# Your opinion of the SW99



## Freedom1911 (Oct 22, 2009)

I have been thinking about getting the SW99. It is the SW/Walther joint production of the Walther P99.
The P99AS is a sweet pistol and providing the SW99 holds the production quality of the WP99AS it should be a good gun too at possibly a few hundred less than its Walther brethren.
I have read up on the SW as much as I can find, which aint much. That being the case, what are your feelings on this pistol.


----------



## PX (May 14, 2006)

Freedom1911 said:


> I have been thinking about getting the SW99. It is the SW/Walther joint production of the Walther P99.
> The P99AS is a sweet pistol and providing the SW99 holds the production quality of the WP99AS it should be a good gun too at possibly a few hundred less than its Walther brethren.
> I have read up on the SW as much as I can find, which aint much. That being the case, what are your feelings on this pistol.


Freedom:

I had a P99/AS, and a P99/AS.. Both were excellent pistols.. My buddy was so impressed with my P99/AS that he tried to buy one for himself (this was a couple of years ago), but they were few and far between so he bought a new SW99..

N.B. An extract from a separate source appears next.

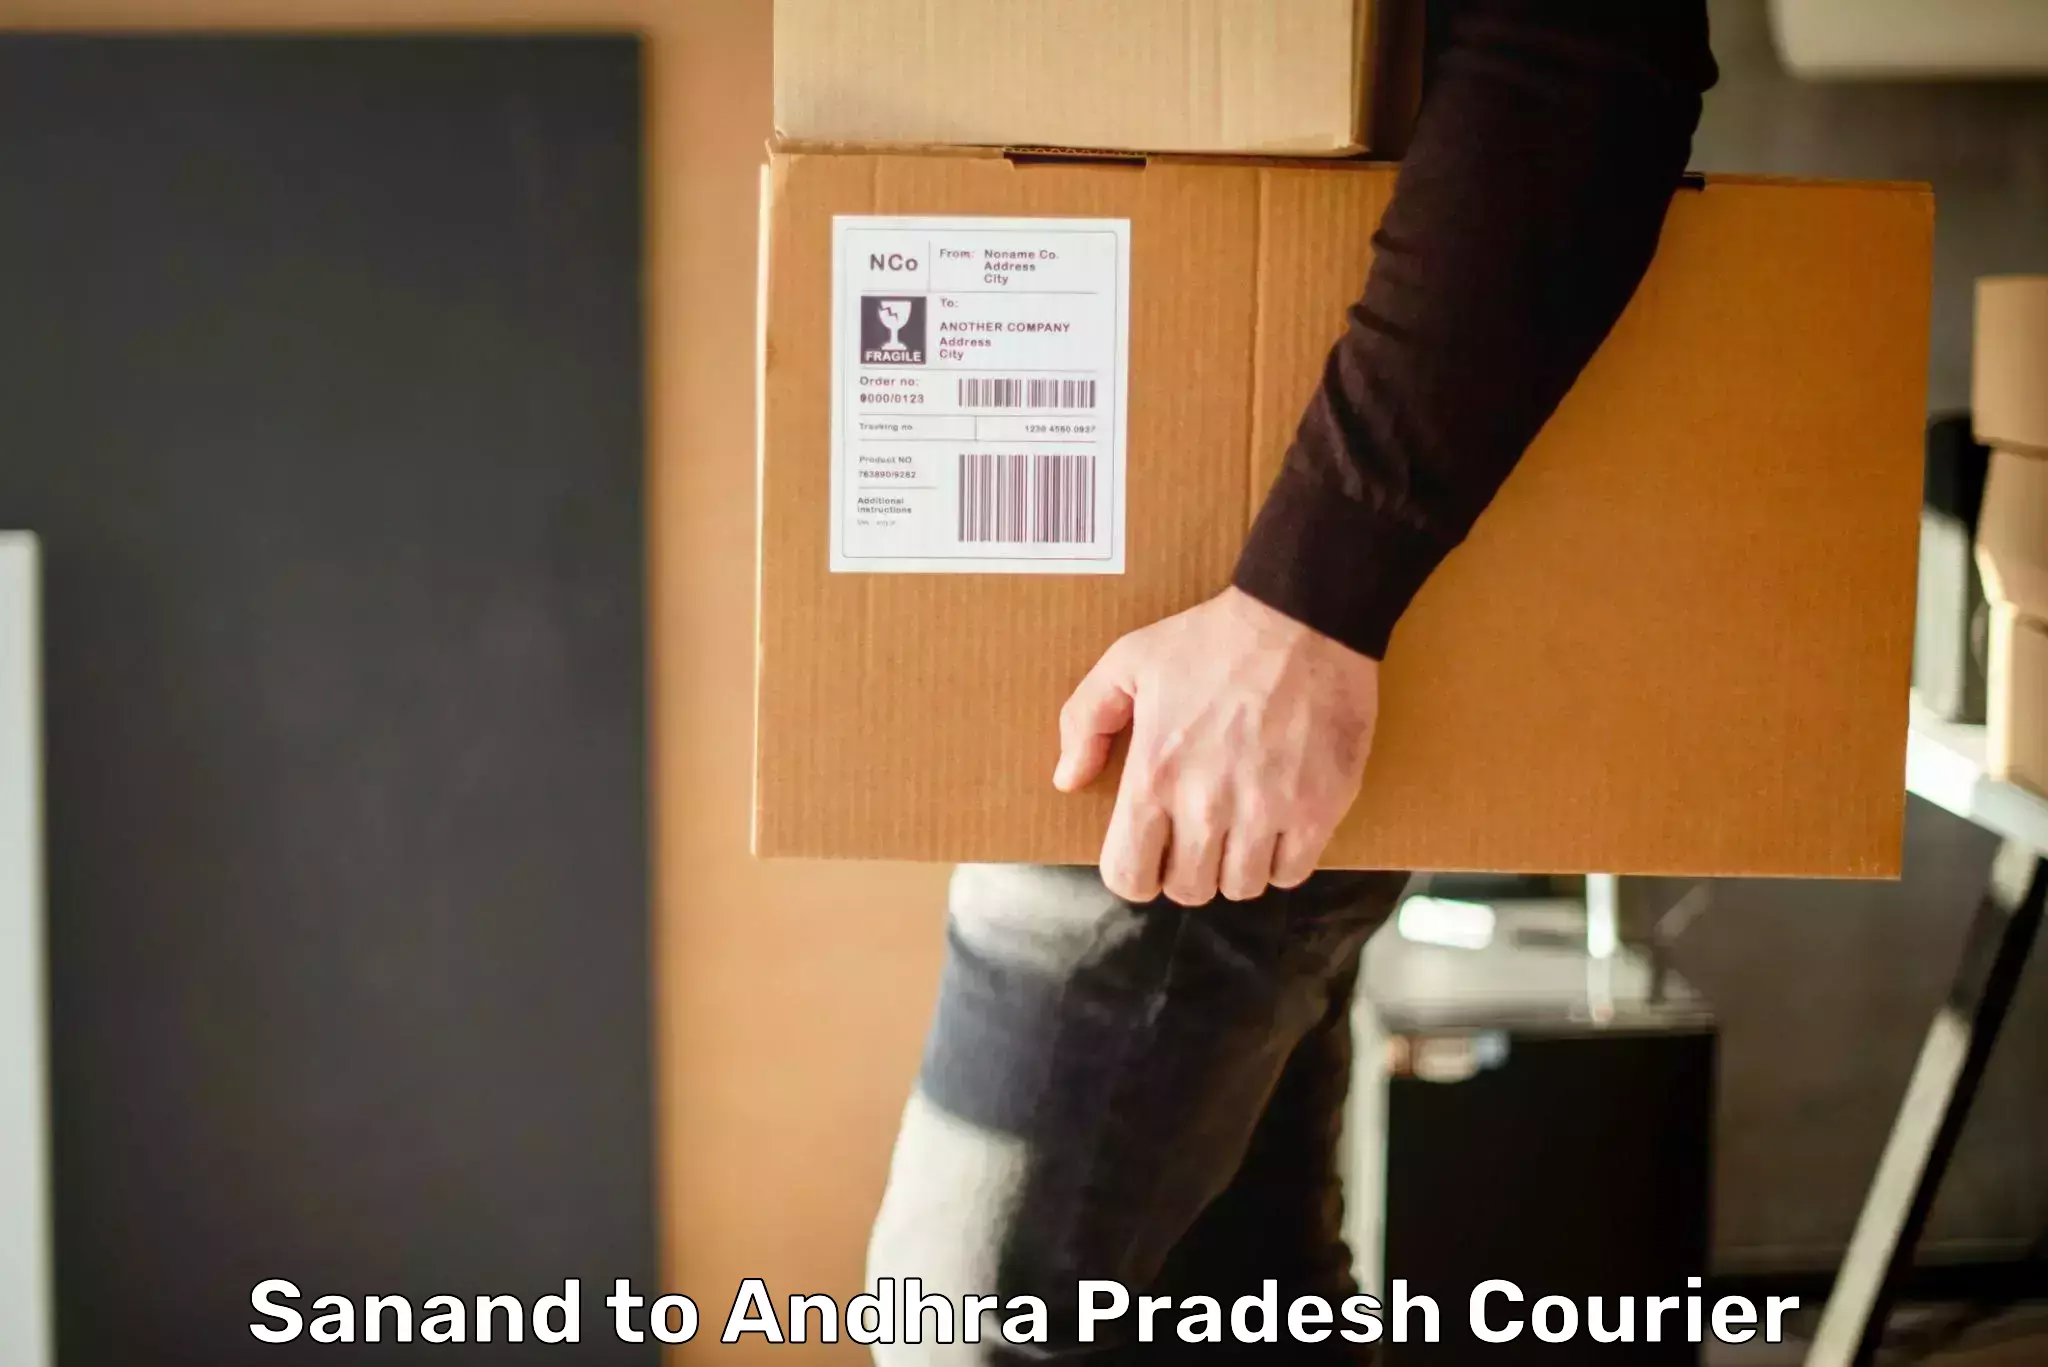 Professional courier handling Sanand to Vijayawada
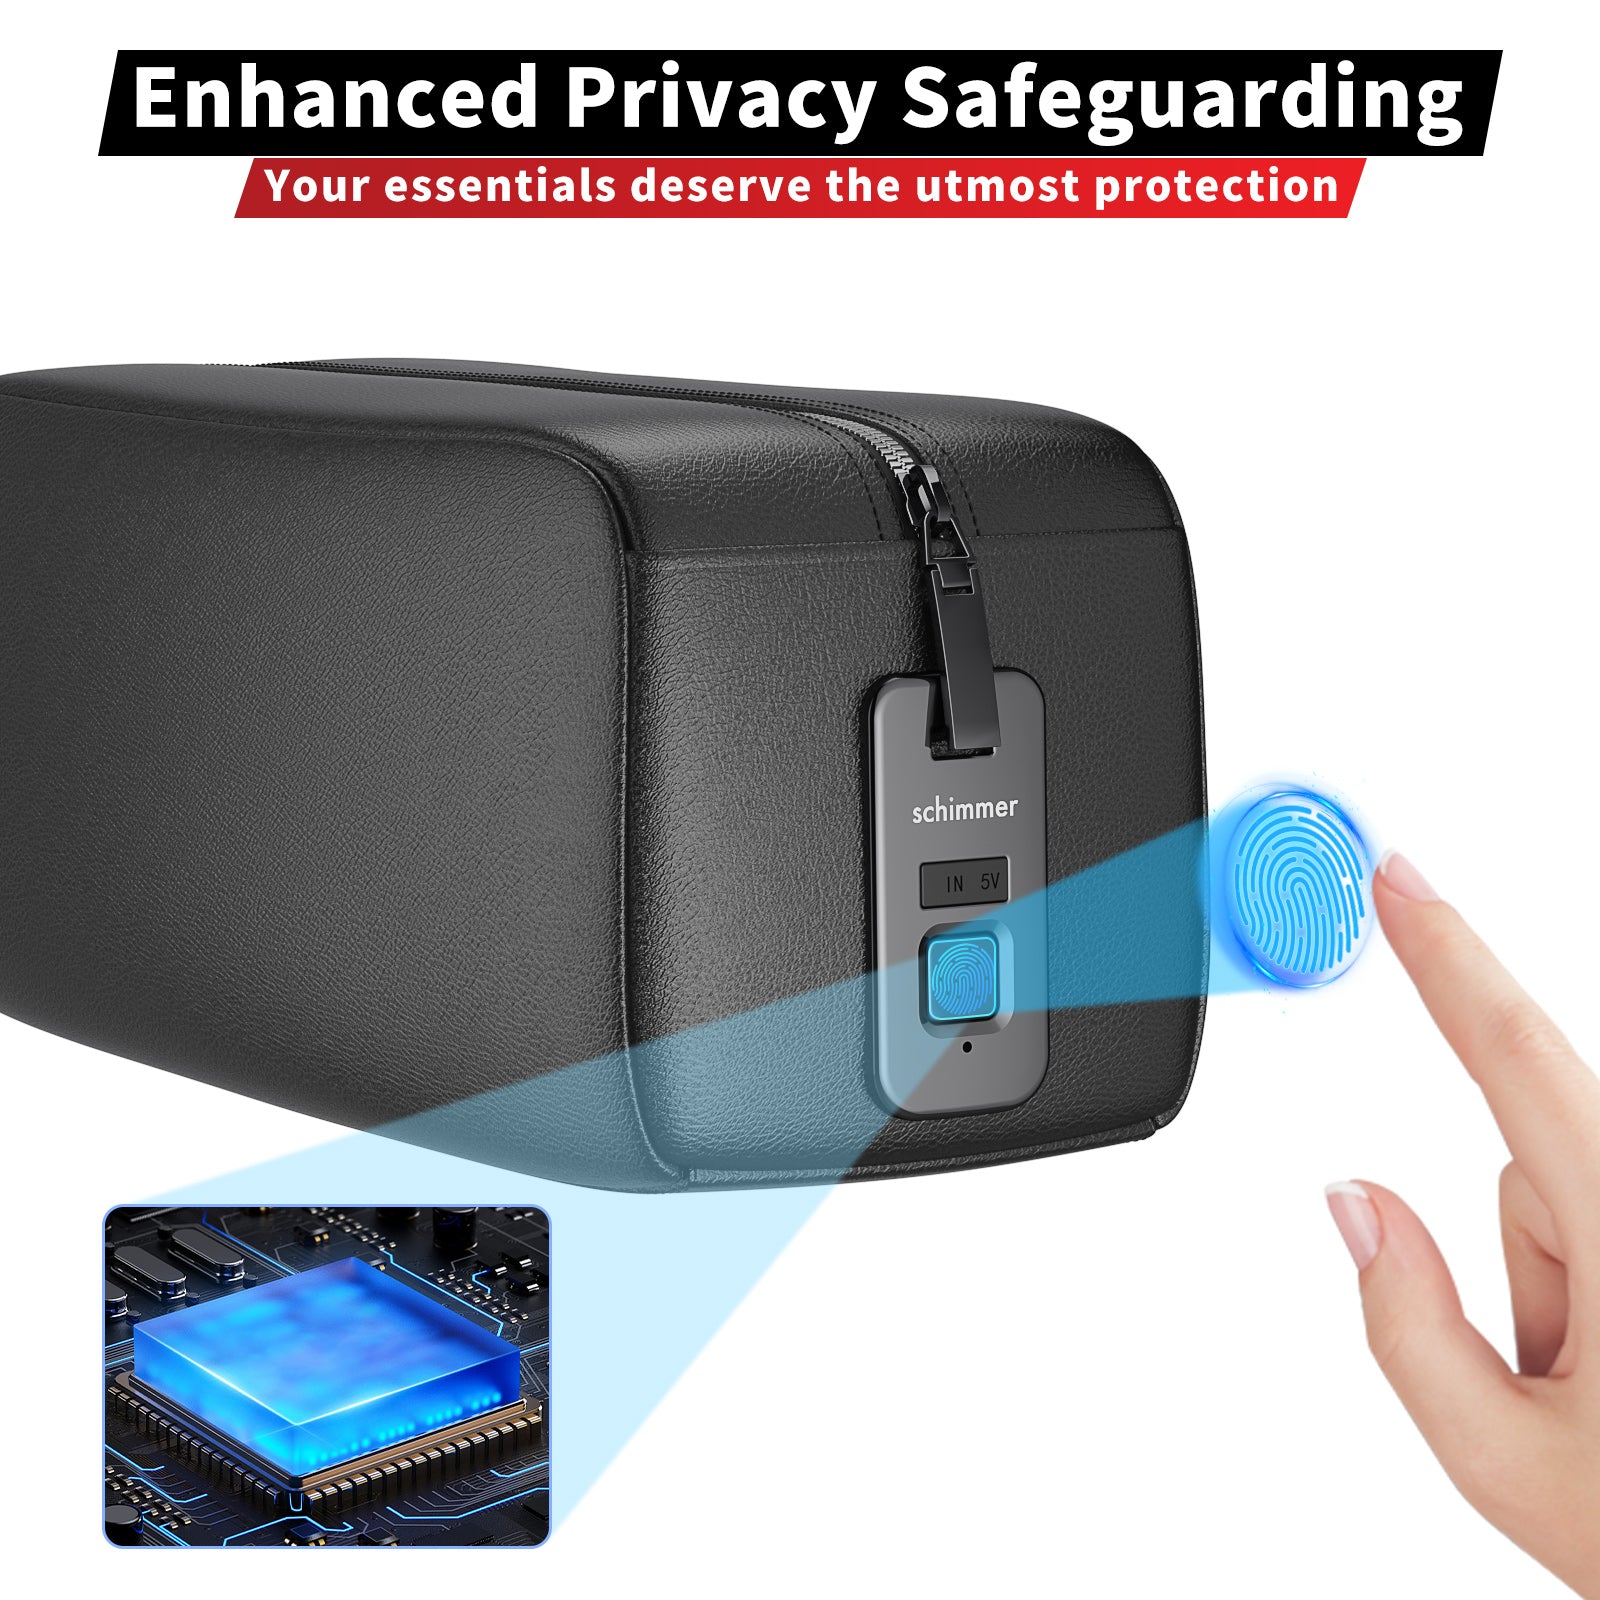 Enhanced privacy safeguarding with Schimmer A7 Dopp Kit Clutch Handbag with Biometric Fingerprint Lock

He and I shot our P99/SW99's head to head more than once, and could discern no appreciable difference in performance either as to accuracy or reliability..

FWIW, the P99 as imported by S&W is warranted by S&W for one year.. The SW99 comes with a LIFETIME warranty, again by S&W.

I'd recommend the SW99 in a heartbeat, but I've heard not so good things about the SW990, altho I have no personal experience with that model.

Best Wishes,

jesse


----------



## Freedom1911 (Oct 22, 2009)

Yah, had my hands on the SW990 a few days ago and it does not have the AS type trigger. So I passed.
I really like the Walther P99AS and was looking for the Smith equivalent. 
Good to hear that they are at least as good as the Walthers.
I hear the SW99 are out of production. The few new ones are running at a premium and used ones are hard to come by. That being the case I wonder why Smith took them out of production.


----------



## PX (May 14, 2006)

Freedom1911 That being the case I wonder why Smith took them out of production.[/QUOTE said:


> Free:
> 
> Just a guess, but the SW99 (SW990) were the red-headed stepchildren I believe and the folks at S&W never fully committed to them.. Then when the winds started blowing the MP series, the SW99 was just tossed aside.
> 
> ...


----------



## Freedom1911 (Oct 22, 2009)

Wouldn't doubt. Personally I'd like to see Springfield take over the Walther contract.
I have always felt that SW did not have it's heart in the contract with Walther.
Springfield has done a tremendous job promoting the HS2000 in to the XD line and XDm.
I am sure they could do the same with Walther without rebranding it.
Thats just me.
My ffl is looking for a SW99 in 9mm but is not sure if he will be able to find one.


----------



## Skipp (Mar 10, 2011)

I own the SW99 in 40 cal. The gun is great, and very accurate. Won't be turning it lose any time soon. Fun to shoot as well.


----------